• Task
Write out the data that follows exactly, keeping every picture out.

• Data shown
=== Begin Enclosure ===

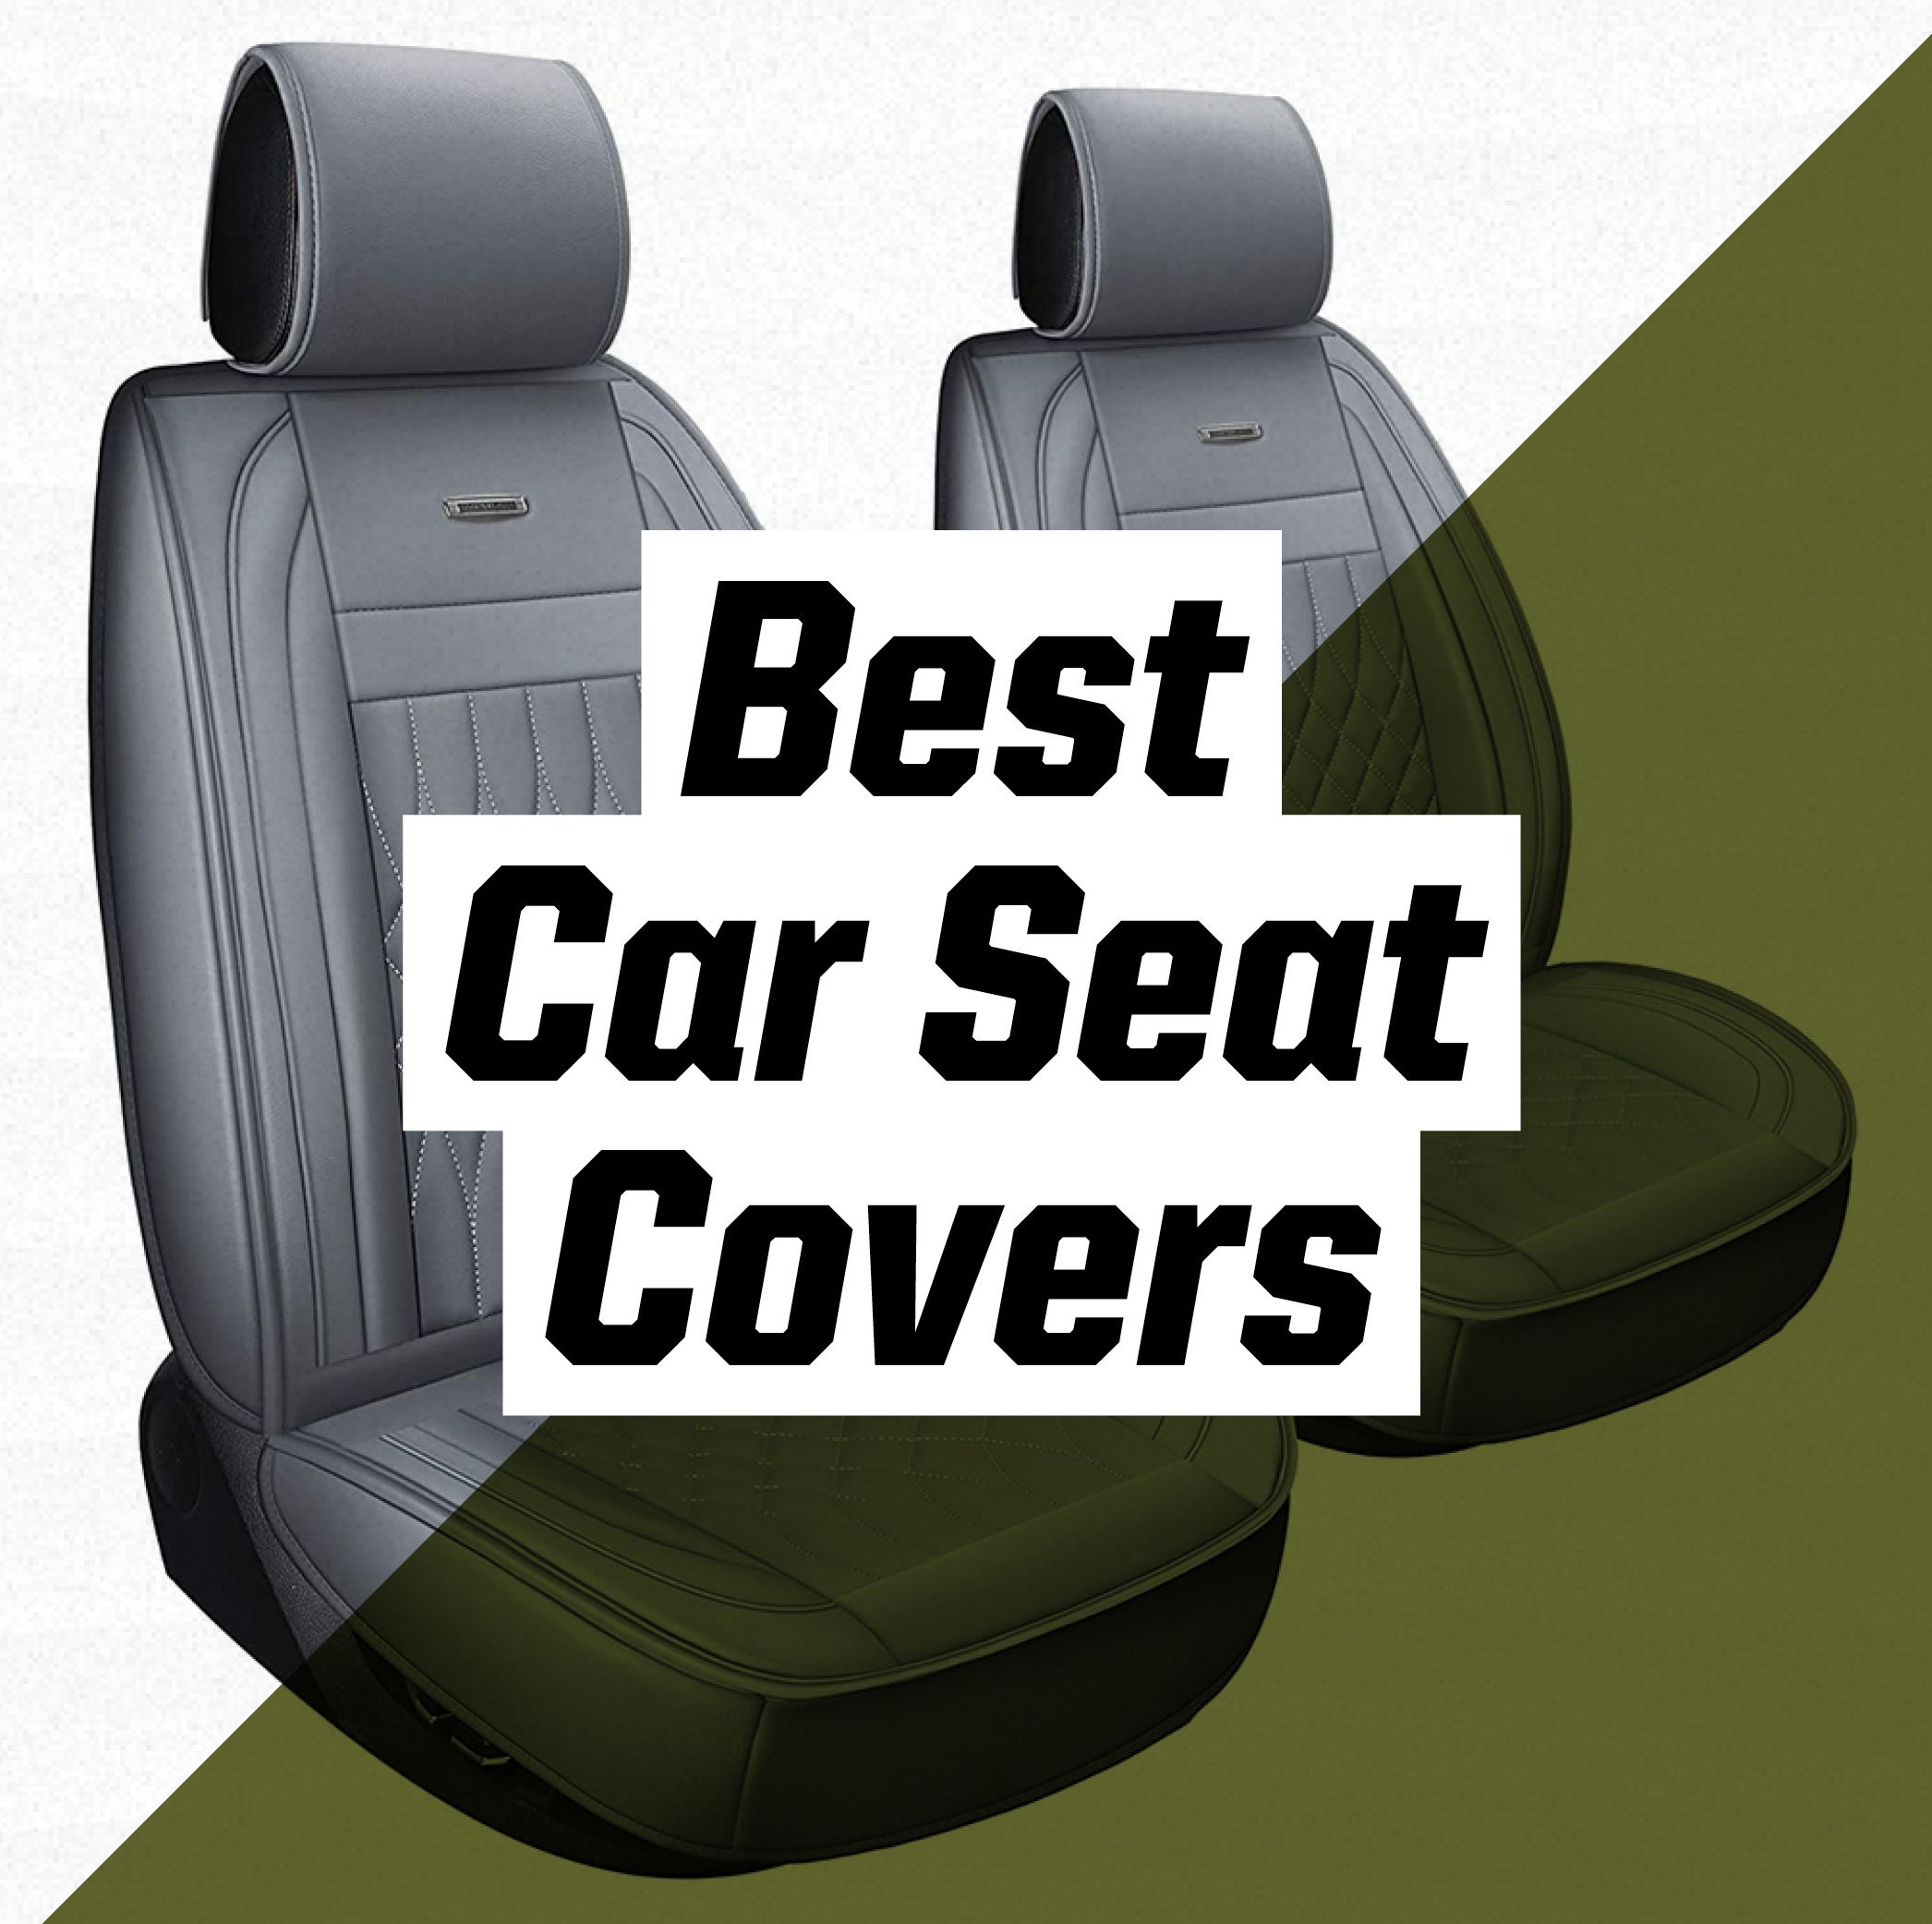 Protect Your Vehicle's Interior With These Top-Rated Car Seat Covers
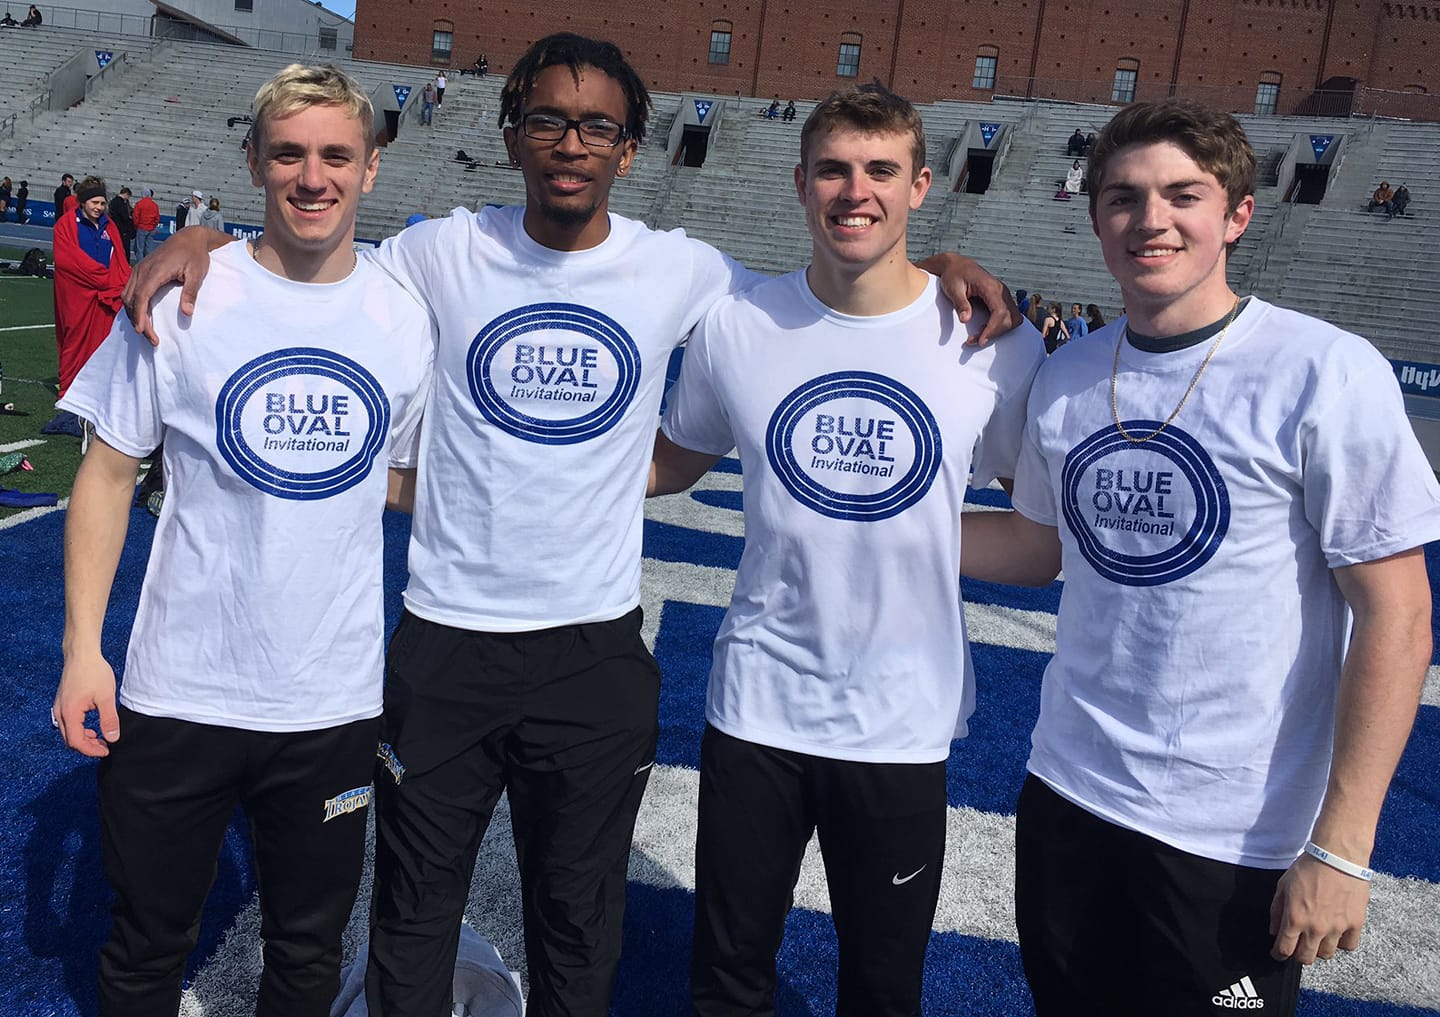 NIACC's Kalen Eastman, Timothi McMaster, Kyle Younker and Brendan Hoy qualified for the Drake Relays in the 4x100.
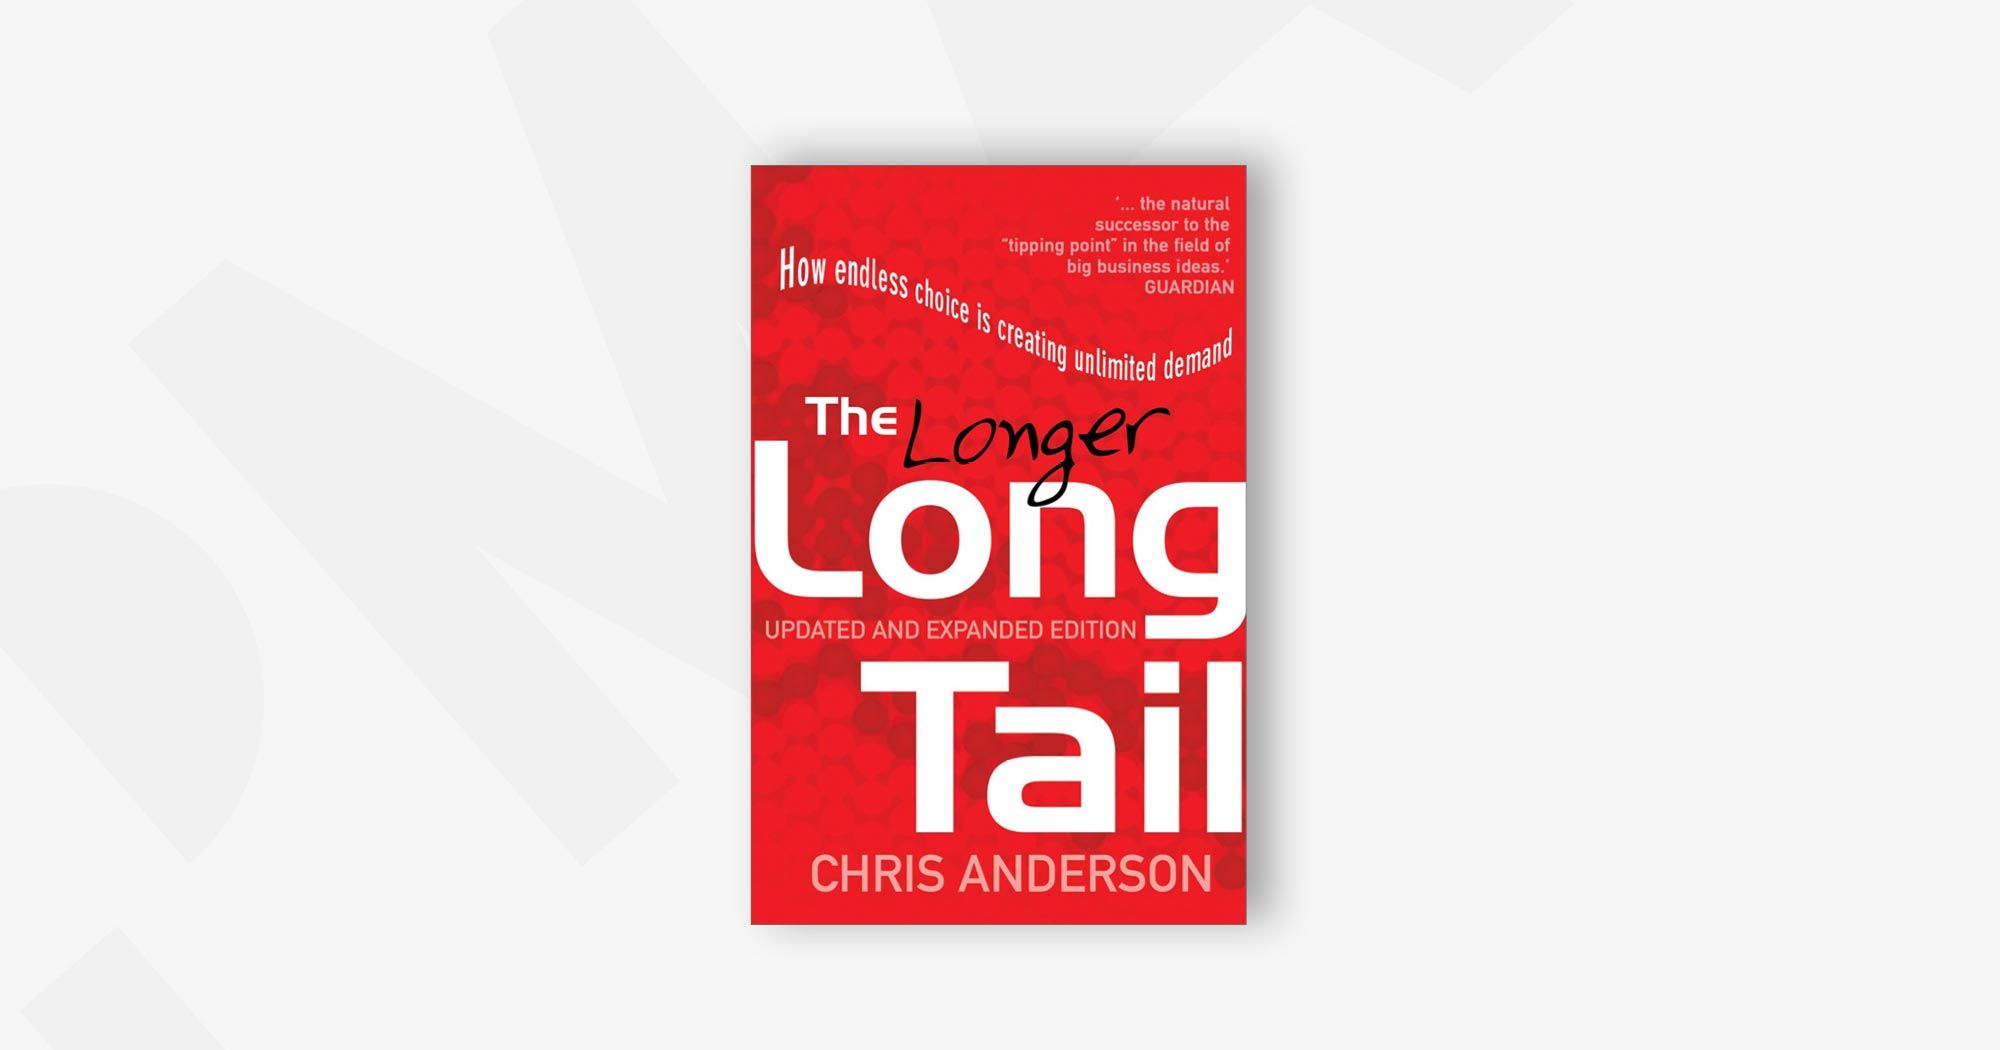 The Longer Long Tail: How Endless Choice is Creating Unlimited Demand – Chris Andersen

=== End Enclosure ===

• Task solution
 Protect Your Vehicle's Interior With These Top-Rated Car Seat Covers
 NIACC's Kalen Eastman, Timothi McMaster, Kyle Younker and Brendan Hoy qualified for the Drake Relays in the 4x100.
 The Longer Long Tail: How Endless Choice is Creating Unlimited Demand – Chris Andersen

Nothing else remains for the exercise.